|
Os
voy a contar una historia que pasó hace mucho tiempo, cuando la Tierra
tenía ya cuatro mil quinientos cincuenta millones de años y en donde
podréis comprobar cómo el planeta permaneció intacto hasta su último
latido.
Eran las siete de la mañana y todavía no había
salido el sol. Bárbara seguía en su cama, sumergida en sus
pensamientos, cuando de repente el despertador sonó. Ella se estremeció
y como casi todas las mañana el pobre reloj salía despedido por la
ventana en apenas cuatro segundos. Se vistió y se encaminó hacia el
hospital Segura, donde tenía su propia consulta de psiquiatría.
El reloj marcaba las 8:30. Bárbara entró en su
consulta donde siempre la esperaban más de veinte locos que no la
dejaban ni respirar con sus absurdos problemas, pero en el fondo era
feliz. Era médico y eso era todo por lo que tanto había soñado y
luchado en estos últimos quince años.
Bárbara trataba con pacientes de muchos tipos de locuras y le encantaba
tratar con ellos, en algunas ocasiones hasta se recuperaban.
Esa misma mañana traían a una mujer anciana de
una tribu muy lejana de África que decía que se iba acabar el mundo y
que nadie podía hacer nada para remediarlo.
No era extraño verse con casos de este tipo,
eran frecuentes. Pero cuando hicieron pasar a la anciana a su consulta,
Bárbara pudo observar la mirada tan intensa con la que miraba esa
mujer.
-No estoy loca-dijo la mujer.
-De verdad, no estoy loca- repitió.
Bárbara no dedicó su tiempo a escucharla y
examinó su cerebro. Era increíble. No mostraba ningún signo de locura
ni nada por el estilo en su cráneo.
-Deben creerme, no nos queda mucho tiempo. La
Tierra se acabará y ya nada existirá.
-Por qué dice eso, mujer, ¿no ve que eso no
ayuda nada a arreglar las cosas?
Pero ella la miró con una mirada tan tan
profunda que ella no pudo dejar de arrepentirse.
Pasaron los días y la mujer le contaba su vida
para reconocer algún rasgo de peculiaridad. Pero no. La mujer era una
anciana normal y corriente que solo era víctima de una vida llena de
torpezas. Pero nada más.
Pasaron más días y Bárbara no vio más motivo
para dejarla allí encarcelada como una auténtica loca.
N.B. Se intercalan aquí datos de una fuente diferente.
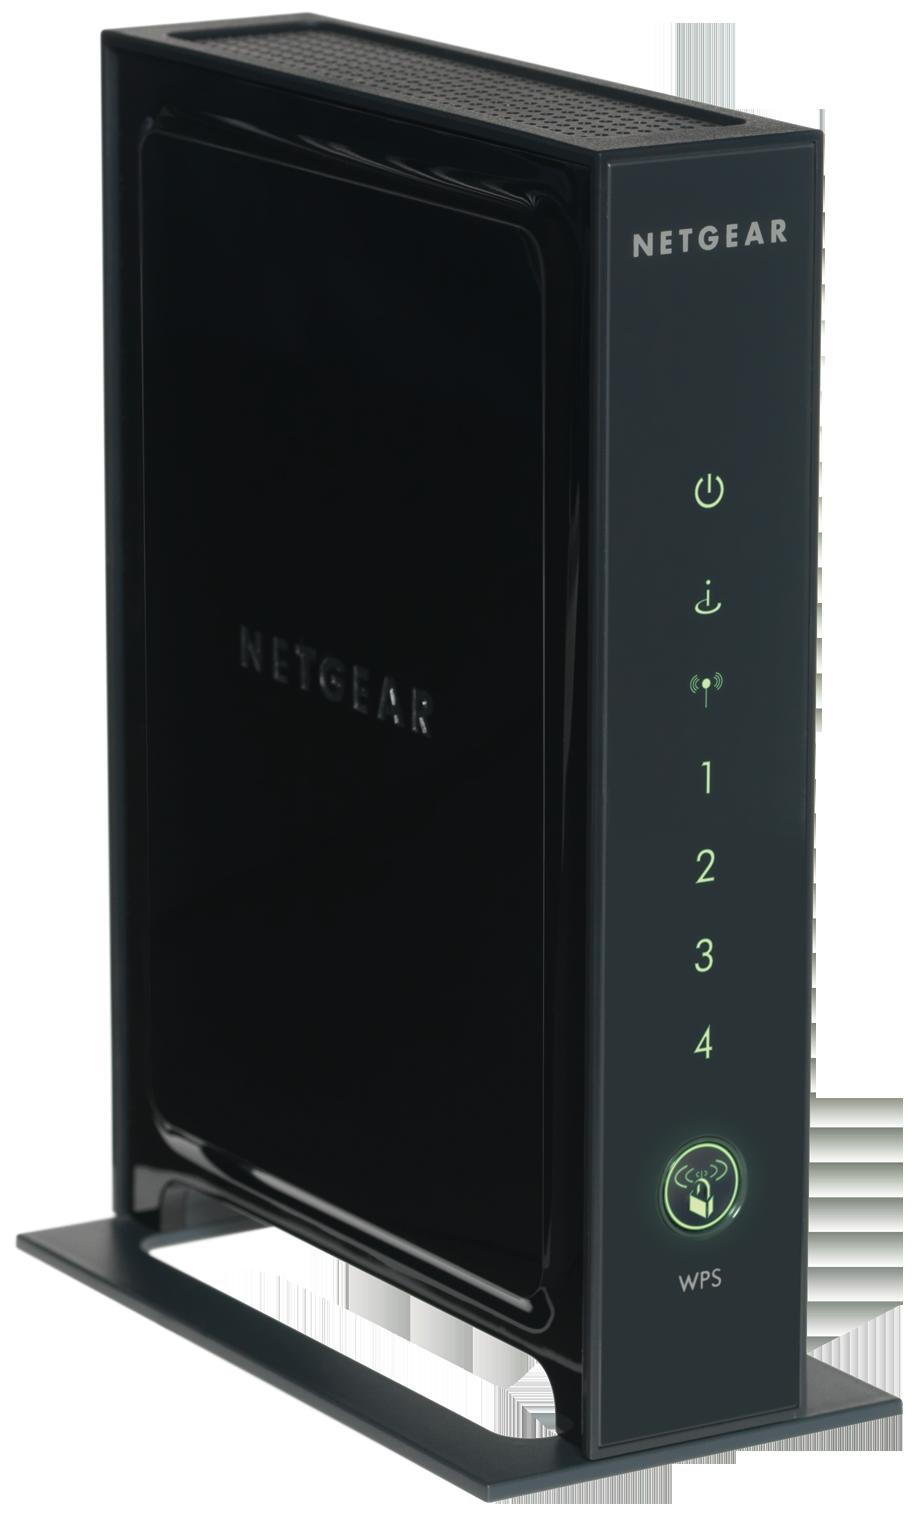 netgear n300 wireless router wnr2000 setup manual

Pero un día se
le acercó y la miró muy de cerca a los ojos. La Tierra se acabará y
todos moriremos. Empezaremos por deshielos e inundaciones y luego
epidemias, esto será un caos.
La mujer se fue y Bárbara se quedó sentada en
su silla, pensando. Esa mujer tenía tanta verdad en sus ojos que no
pudo pensar no que tenía razón. Pero eso era una locura, no podía ser.
Era 29 de Septiembre y el otoño ya se dejaba notar,
pero aún hacía calor. Bárbara veía las noticias cuando escuchó que un
sunami había arrasado toda la costa oeste de EEUU. Era una catástrofe.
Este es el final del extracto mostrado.